§ **How to complete this task**: Transcribe word for word each line from the one containing "Derince Belediyesi, TÜBİTAK" to the final line of the data, both included. Skip the pictures.

§ **Available data**:
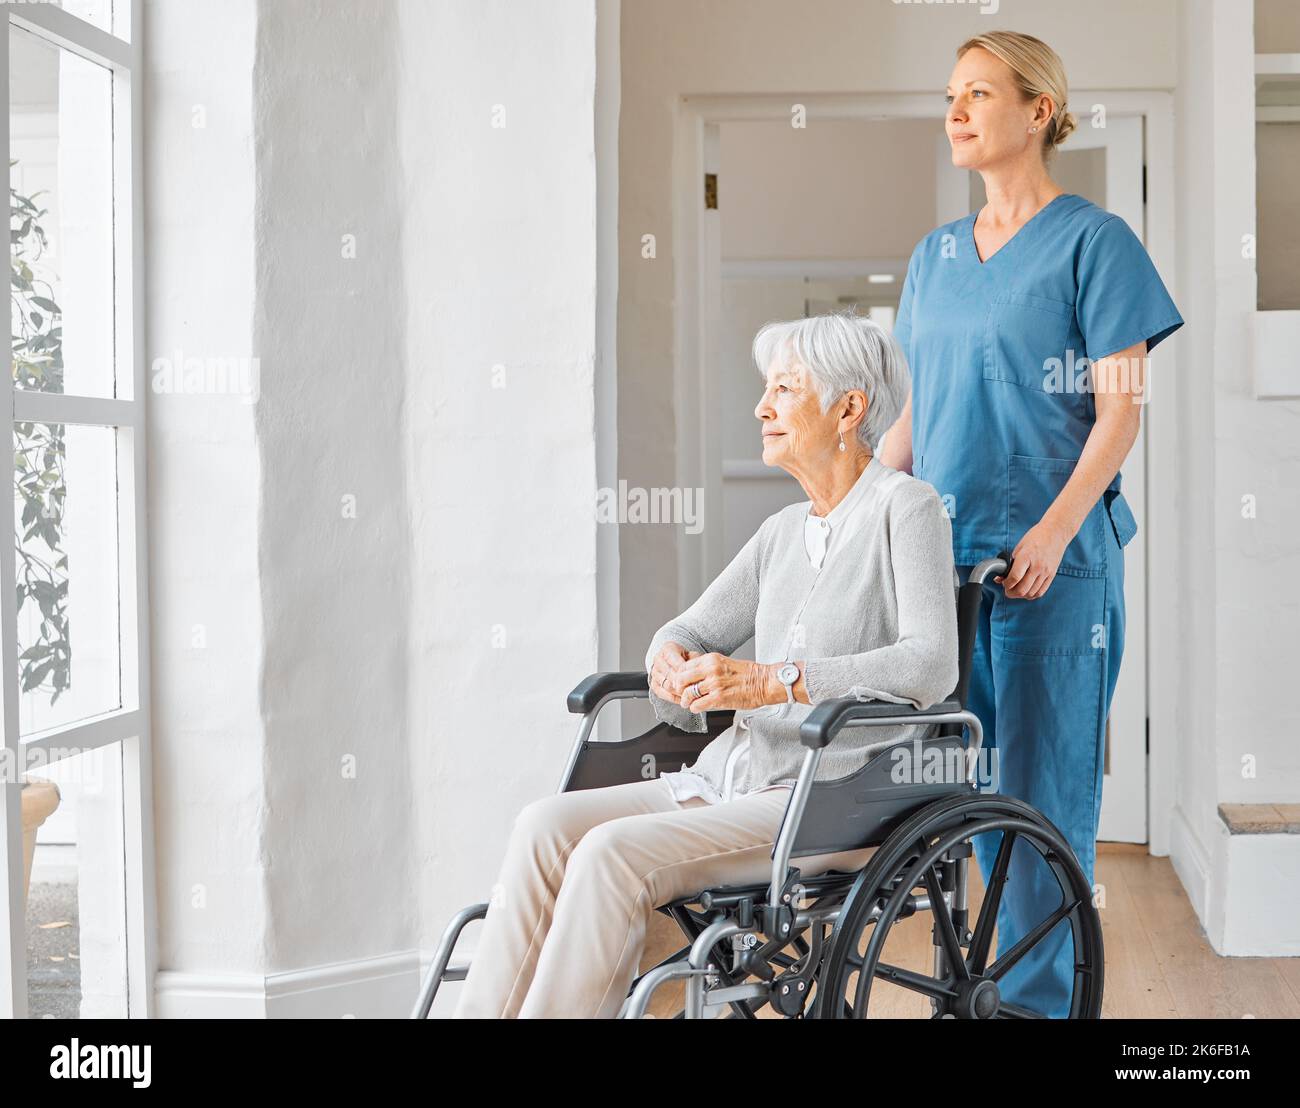 Le cose cambieranno per il meglio, lo so appena. un'infermiera che si occupa di una donna anziana su una sedia a rotelle in una casa di riposo. Foto Stock
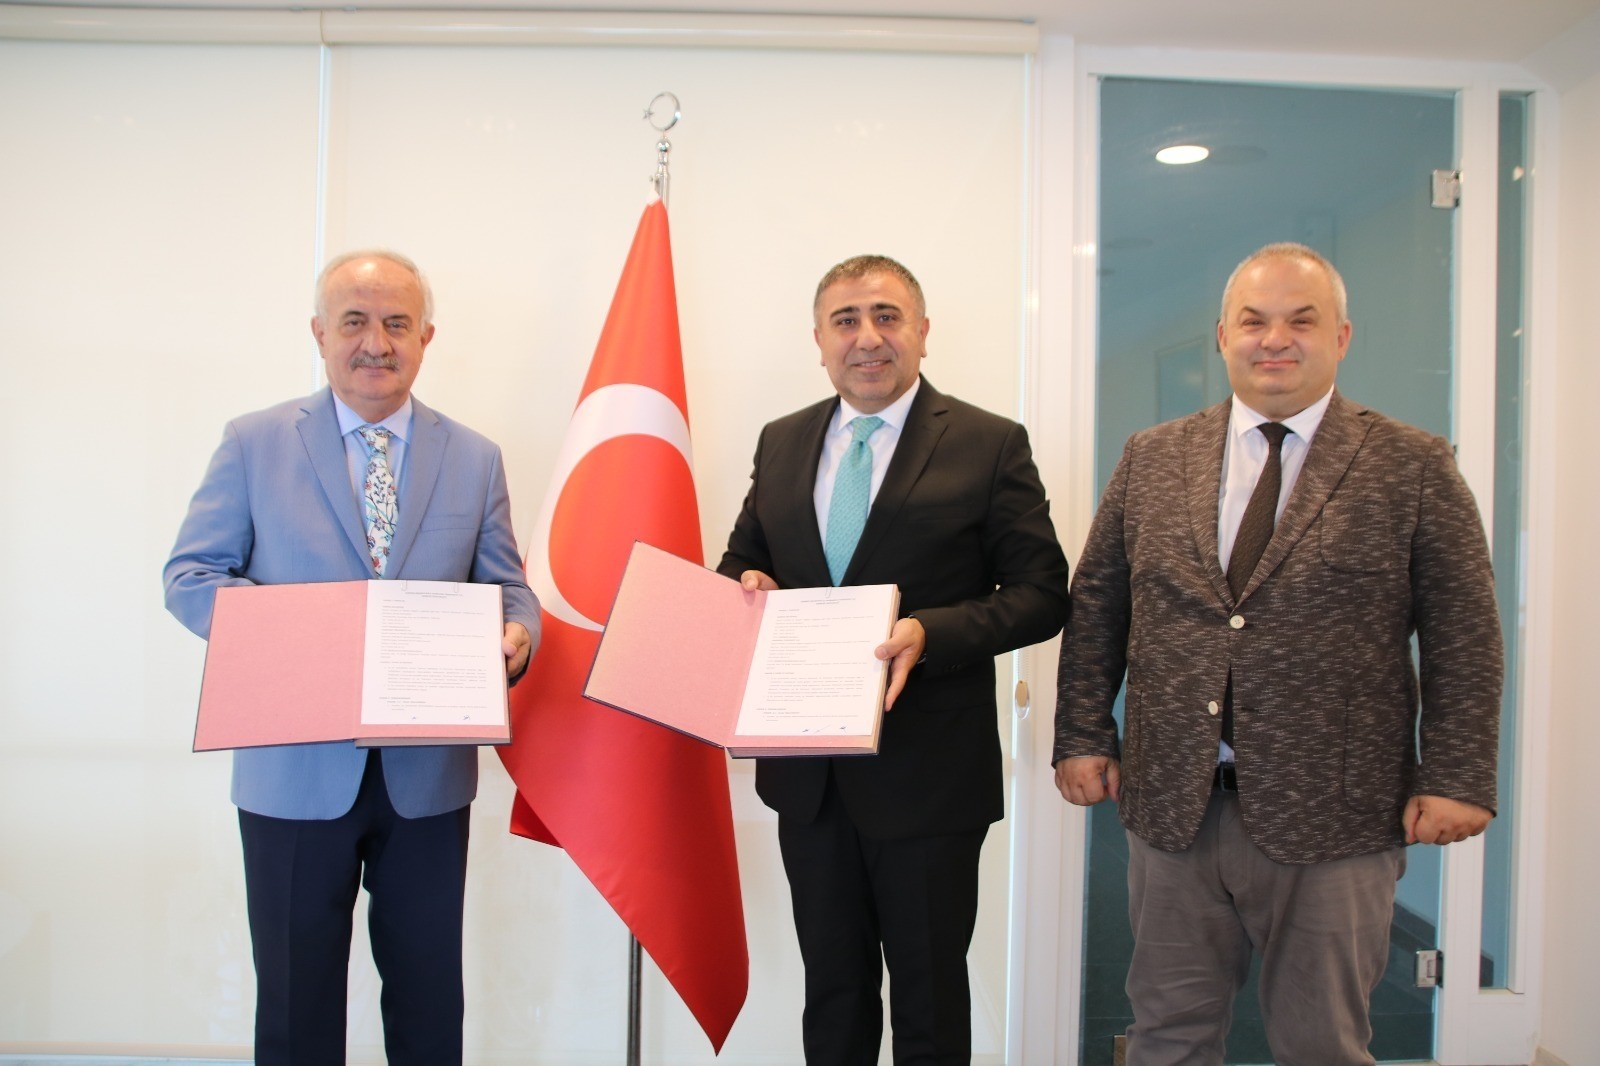 Derince Belediyesi, TÜBİTAK MARTEK ile protokol imzaladı #kocaeli
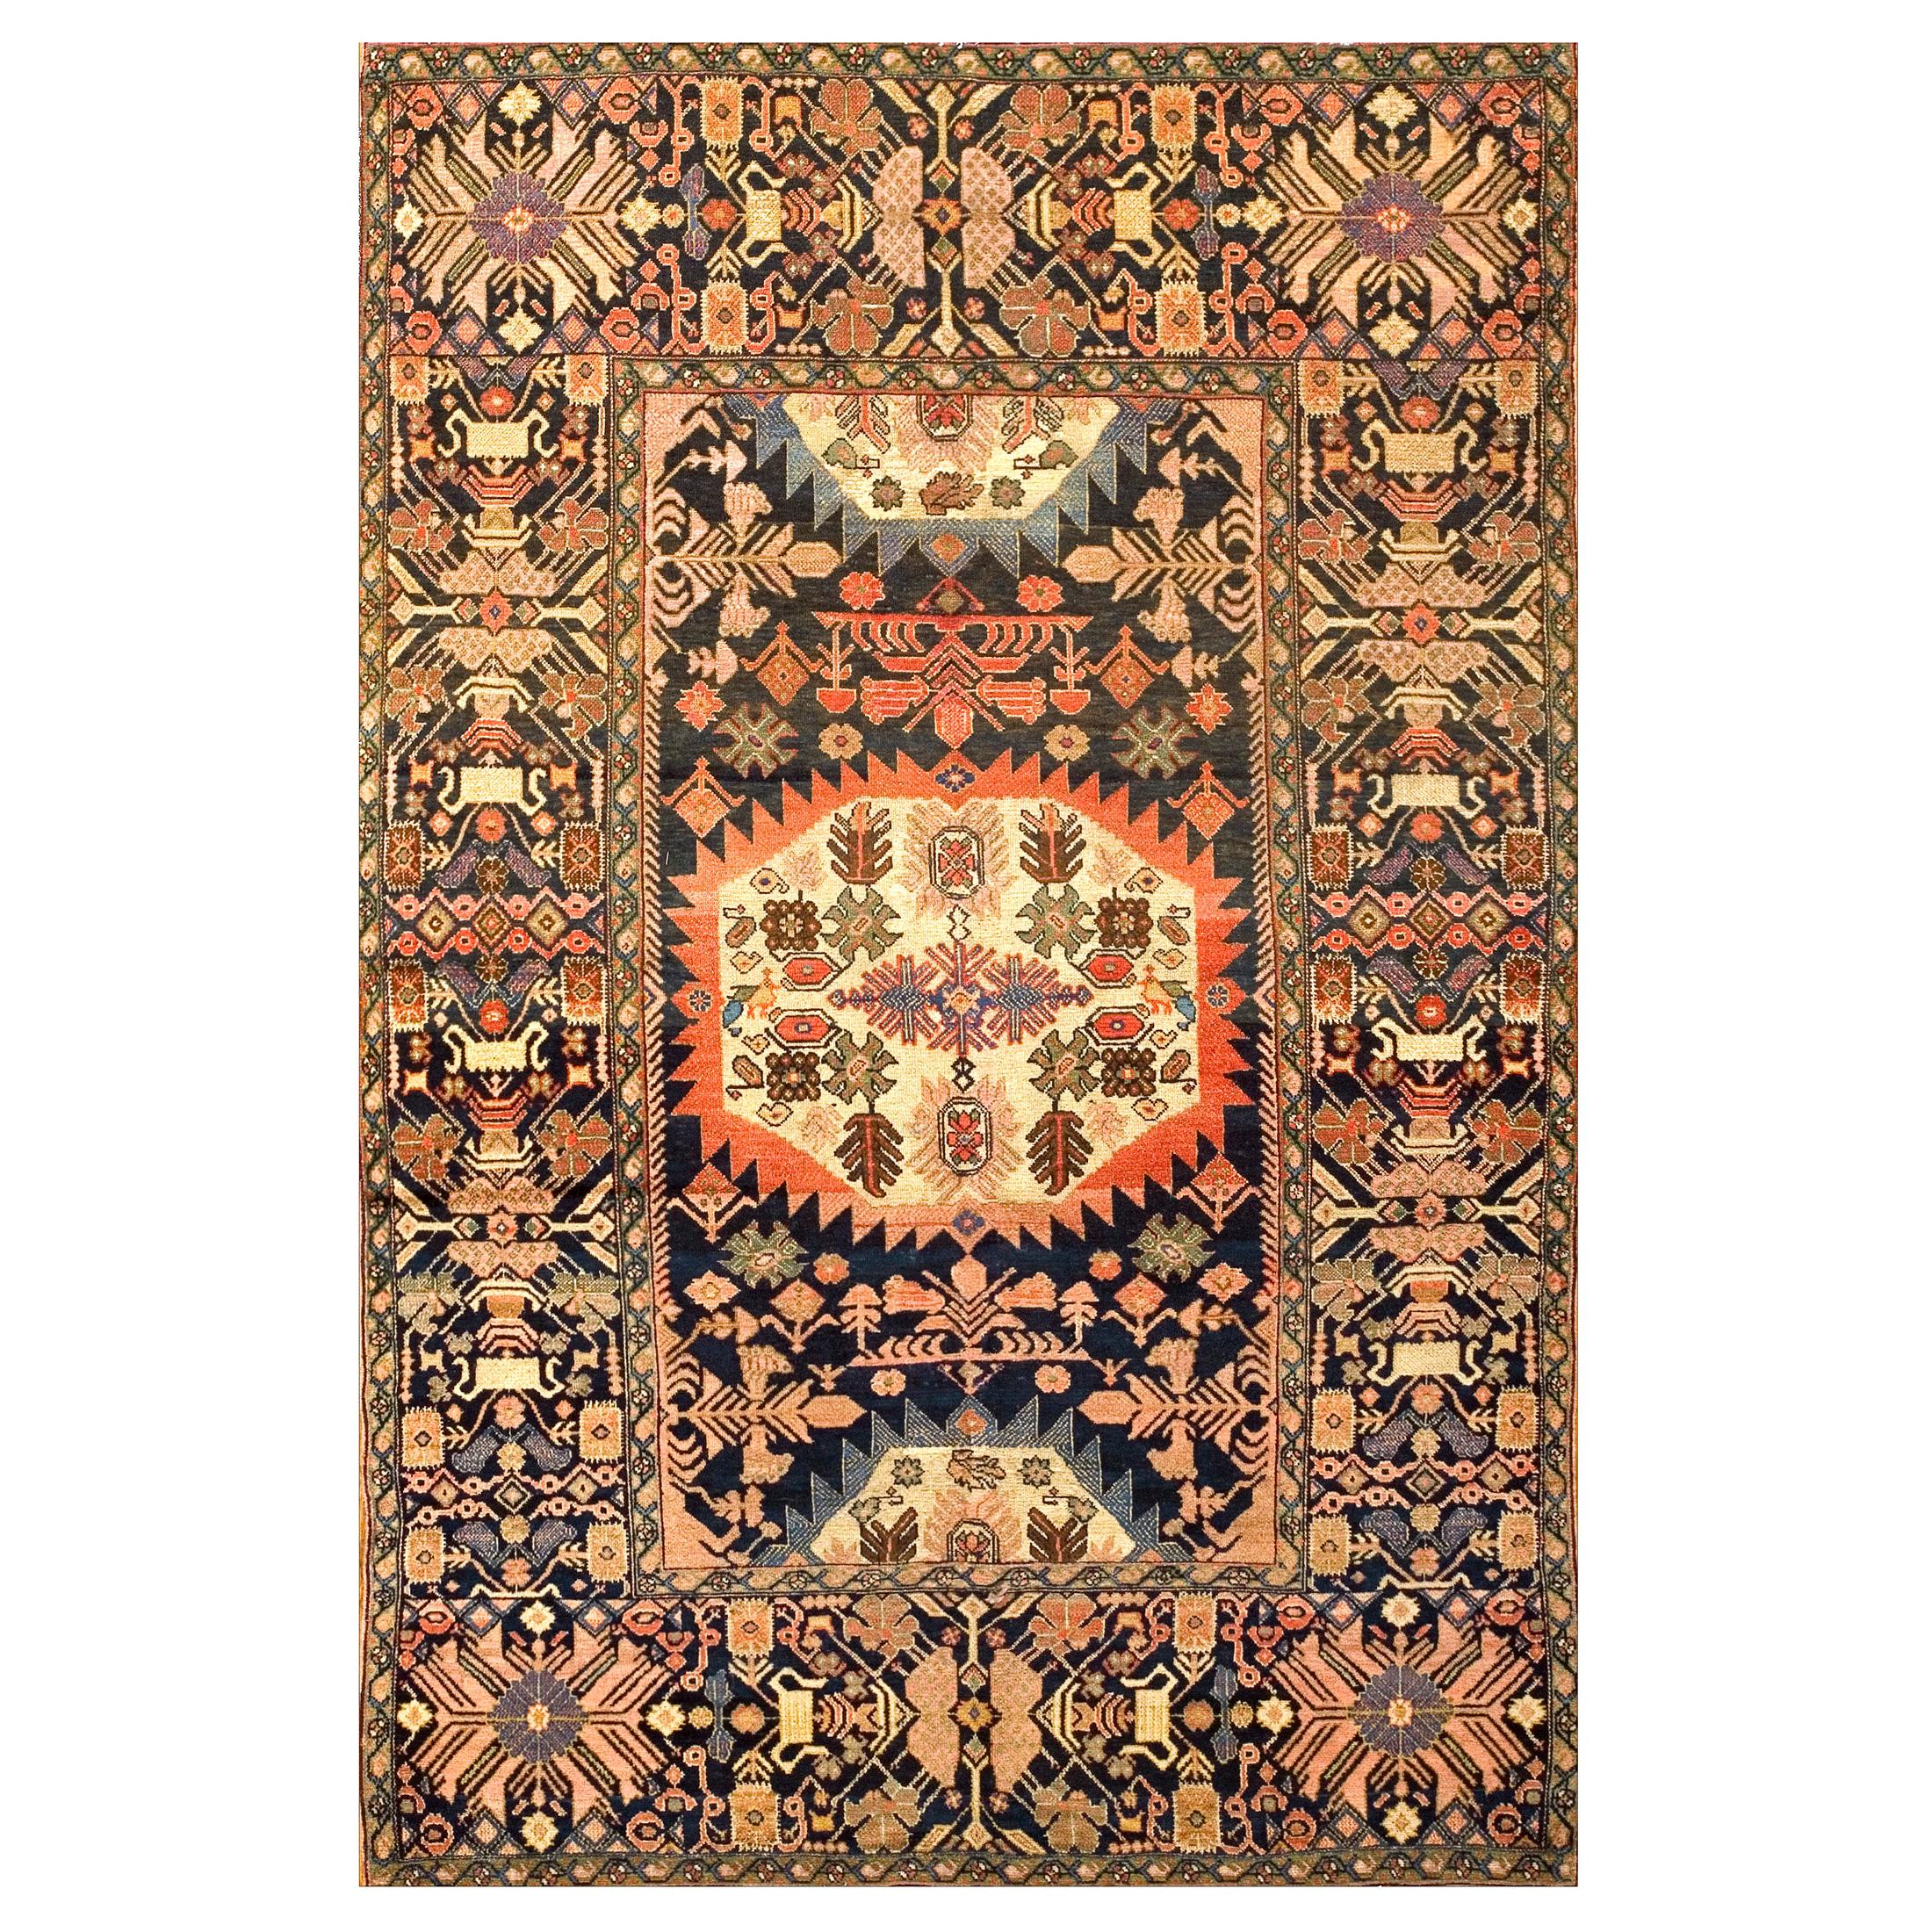 19th Century Persian Farahan Carpet ( 4'2" x 6'3" - 127 x 191 )

§ **Answer to the exercise**:
 Derince Belediyesi, TÜBİTAK MARTEK ile protokol imzaladı #kocaeli
 19th Century Persian Farahan Carpet ( 4'2" x 6'3" - 127 x 191 )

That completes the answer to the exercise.